#### ASSIGNED TASK:
Set the pictures aside and write down, exactly as they appear, the lines from the one containing "Short Stature Scotland Homepage" through the end of the material.
━━━ DATA BELOW ━━━
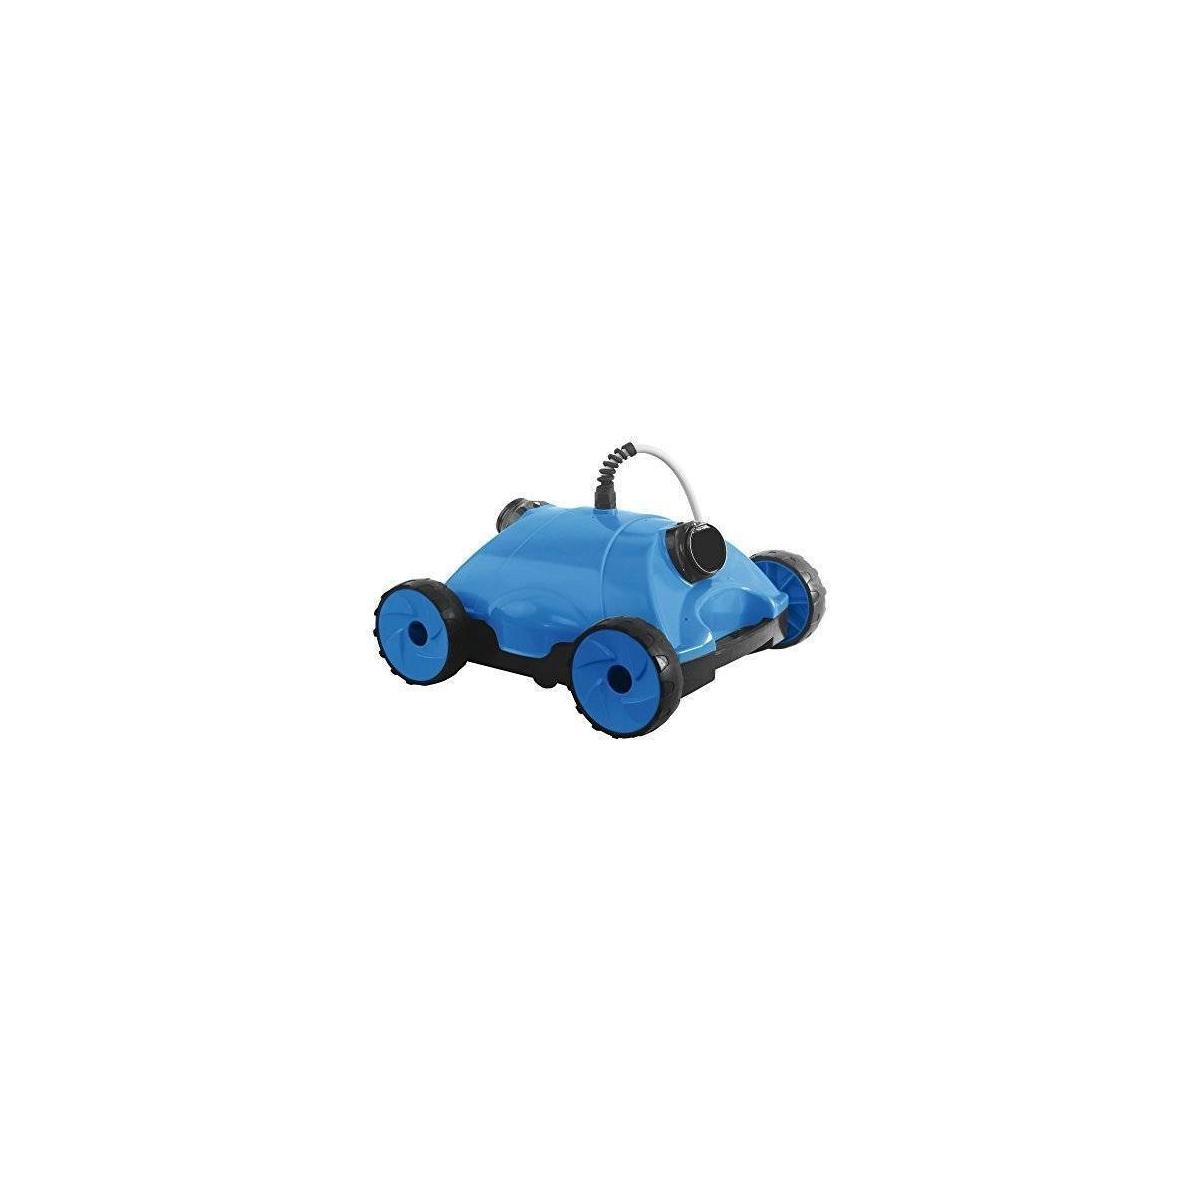 Limpiafondos electrico Bluek
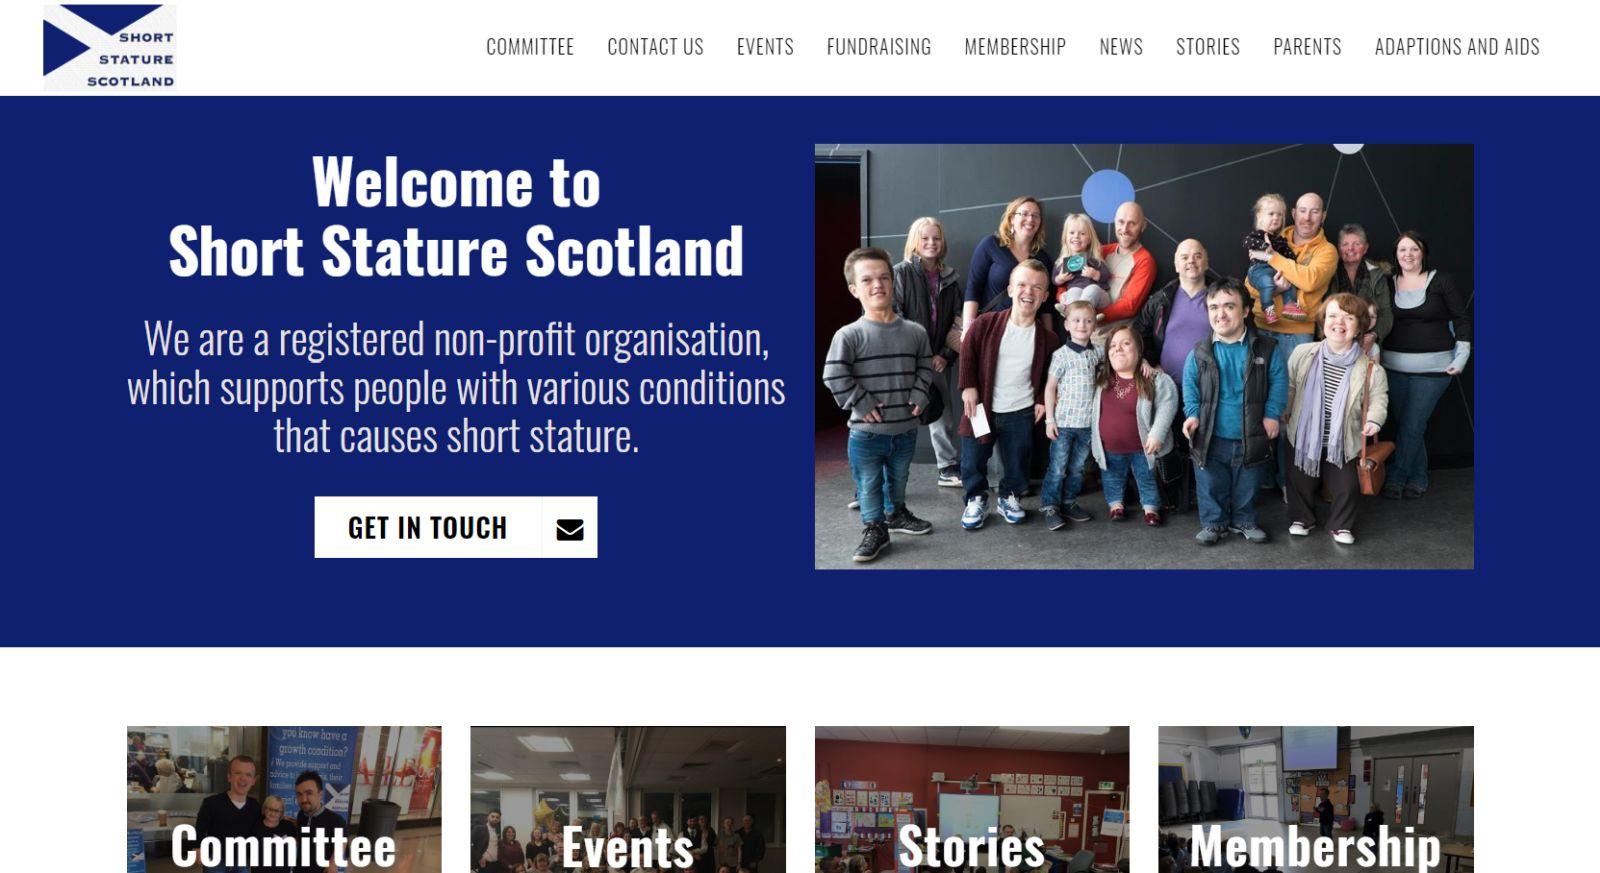 Short Stature Scotland Homepage
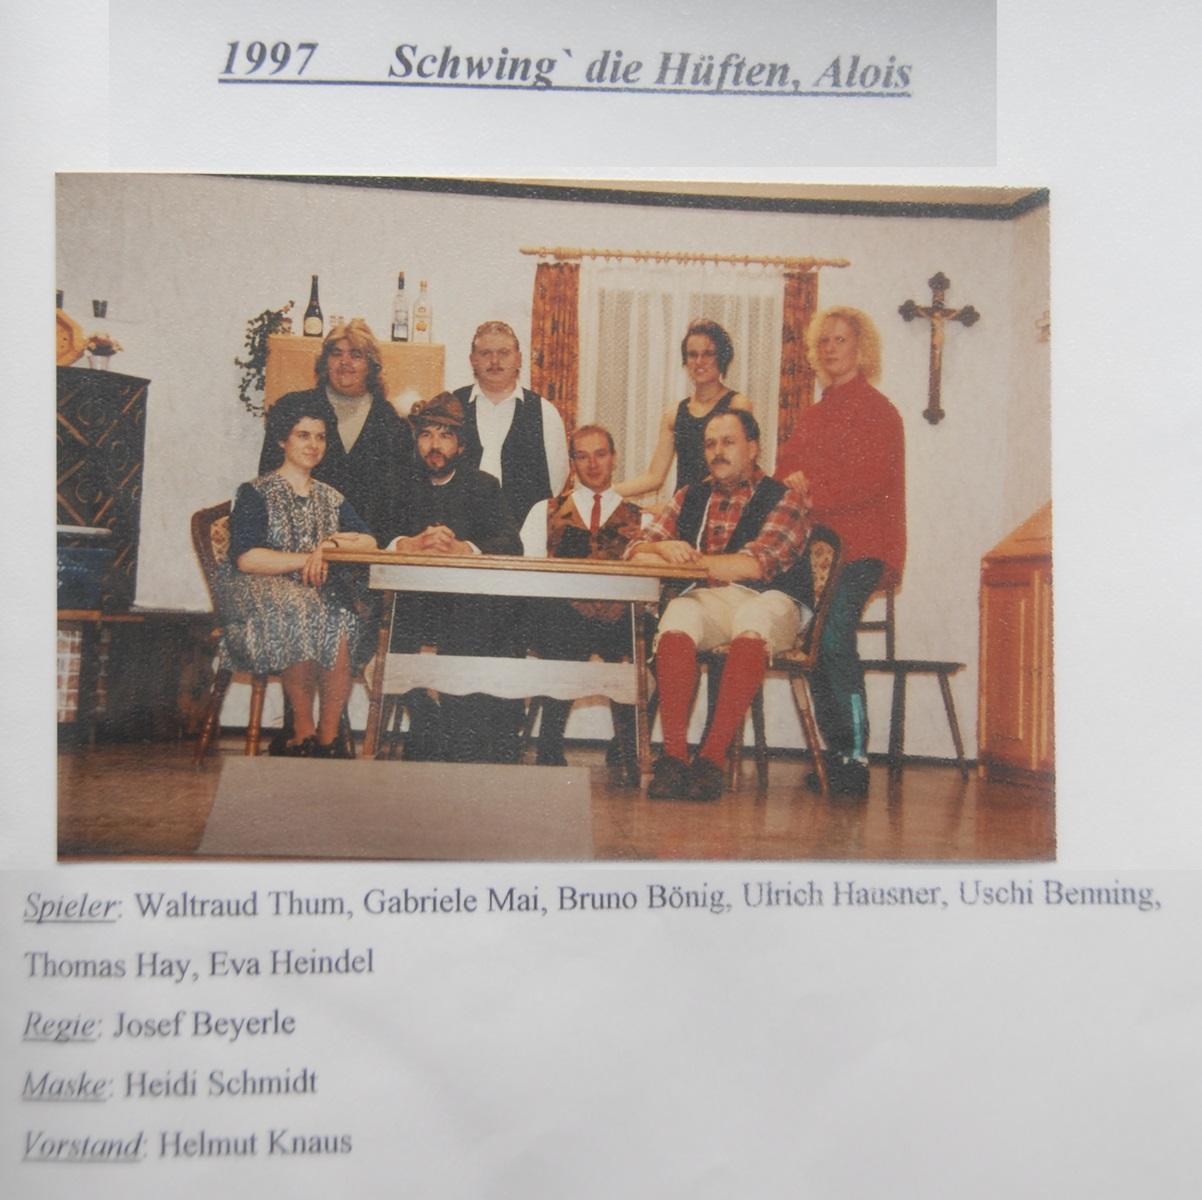 KSC-Theater-1997-Schwing-die-Hueften-Alois
━━━
#### ANSWER BOX:
 Short Stature Scotland Homepage
 KSC-Theater-1997-Schwing-die-Hueften-Alois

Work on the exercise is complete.